Closed ValWood closed 1 year ago
~I wonder if it's the same as~
@krchristie
Thanks, Pascale
@colinlog : No, it's not the same
Without looking into the details, it sounds like one of those situations where the core FUNCTION is conserved but dep on taxon, tissue, cellular circumstances etc the composition is variable. We have curated the yeast complex: https://www.ebi.ac.uk/complexportal/complex/CPX-2662 and annotated to GO:0005665 DNA-directed RNA polymerase II, core complex https://www.ebi.ac.uk/QuickGO/term/GO:0005665
while a lot of the general TFs and core mediator (in several species) are annotated to: GO:0016591 DNA-directed RNA polymerase II, holoenzyme https://www.ebi.ac.uk/QuickGO/term/GO:0016591
We have no annotations to GO:0097550 transcriptional preinitiation complex https://www.ebi.ac.uk/QuickGO/term/GO:0097550
The yeast RNAPII refers to the PIC in the description
During a transcription cycle, Pol II, general transcription factors and the mediator complex (CPX-3226) assemble as the preinitiation complex (PIC) at the promoter.

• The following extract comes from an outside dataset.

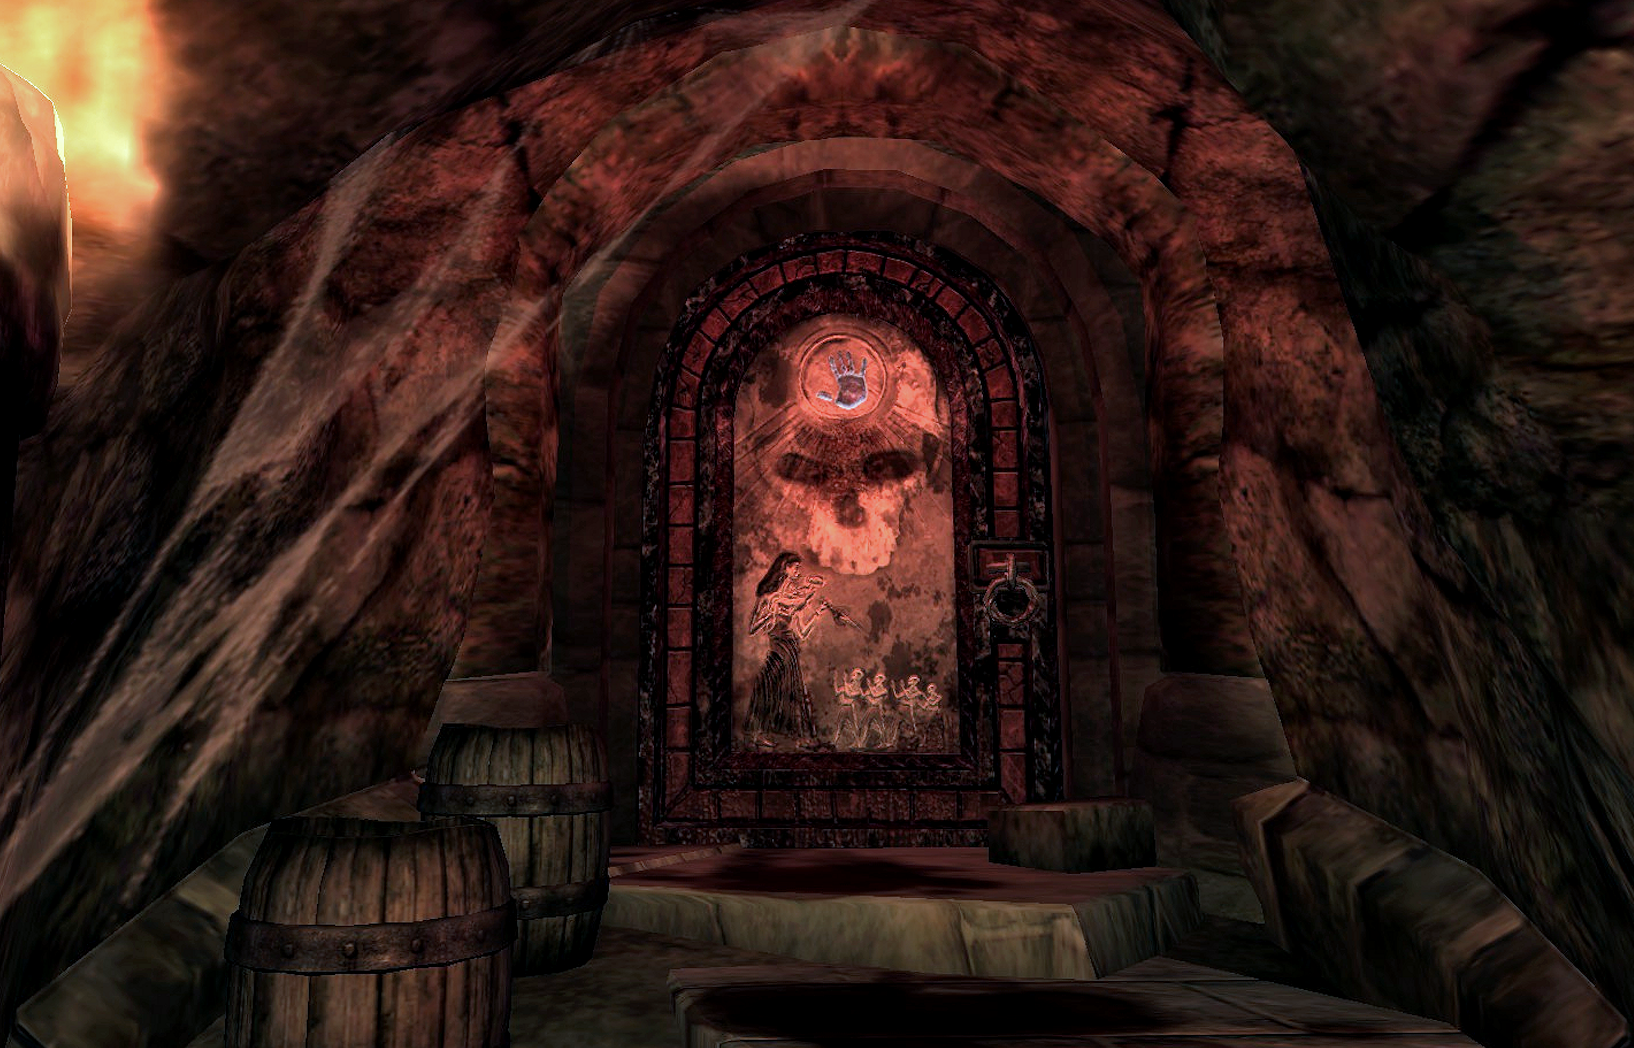 http://images.wikia.com/elderscrolls/images/c/c8/Dark_Brotherhood_Sanctuary_(Oblivion).png

but we didn't curate the PIC itself because it is difficult to define as RNAPII, general TFs and core mediator come and go during transcription initiation.
There are only 10 EXP annotations total to GO:0097550 transcriptional preinitiation complex 5 CAFA 4 SGD 1 uniprot. It seems sensible to get rid of this ....
OK
while a lot of the general TFs and core mediator (in several species) are annotated to: GO:0016591 DNA-directed RNA polymerase II, holoenzyme https://www.ebi.ac.uk/QuickGO/term/GO:0016591
Sorry, they are annotated to the specific CHILDREN of this term! e.g. TFIIIB complex, core mediator complex...
According to wikipedia: https://en.wikipedia.org/wiki/Transcription_preinitiation_complex is like the holoenzyme (GO:0016591)? The definition is "A nuclear DNA-directed RNA polymerase complex containing an RNA polymerase II core enzyme as well as additional proteins and transcription factor complexes, that are capable of promoter recognition and transcription initiation from an RNA polymerase II promoter in vivo. These additional components may include general transcription factor complexes TFIIA, TFIID, TFIIE, TFIIF, or TFIIH, as well as Mediator, SWI/SNF, GCN5, or SRBs and confer the ability to recognize promoters."
That does sound like the holoenzyme and PIC are regarded as the same thing. In which case it's a grouping term for the specific TFs, Pols and mediator etc.
OK so I will merge rather than obsolete.
@ValWood @krchristie OK ?
Thant sounds sensible if Karen agrees.
Another question: The term has subclasses:
'protein-containing complex' and ('capable of' some 'DNA-directed 5'-3' RNA polymerase activity')
however the definition really talks about 'transcription initiation', so I think these relations should go.
(Edited to add): Based on the definitions, the 'DNA-directed RNA polymerase II, core complex' should have the 'capable of' some 'DNA-directed 5'-3' RNA polymerase activity' ("... Although the core is competent to mediate ribonucleic acid synthesis, it requires additional factors to select the appropriate template.")
@ValWood @krchristie what do you think ?
A second question: DNA-directed RNA polymerase II, holoenzyme is a subclass of 'nucleoplasm'; that also seems wrong, given that its a complex with the DNA.
Should it be part of chromatin ?
Thanks, Pascale
"DNA-directed RNA polymerase II, holoenzyme" is NOT necessarily bound to DNA. In fact it has been purified as a large protein complex not attached to DNA many, many different times. There have also been models that propose that the holoenzyme preassembles before binding to DNA, so, unless you have new evidence that disproves that idea, I think that it is not OK to specify that the RNAP II holoenzyme is bound to DNA.
Also worth being aware that there is a long-standing issue about the fact that the composition of "the" holoenzyme appears to be incredibly variable. Thus, it is not a single complex, but rather any of a number of complexes that contain RNAP II and some number of other factors that are required to bring it to the promoter.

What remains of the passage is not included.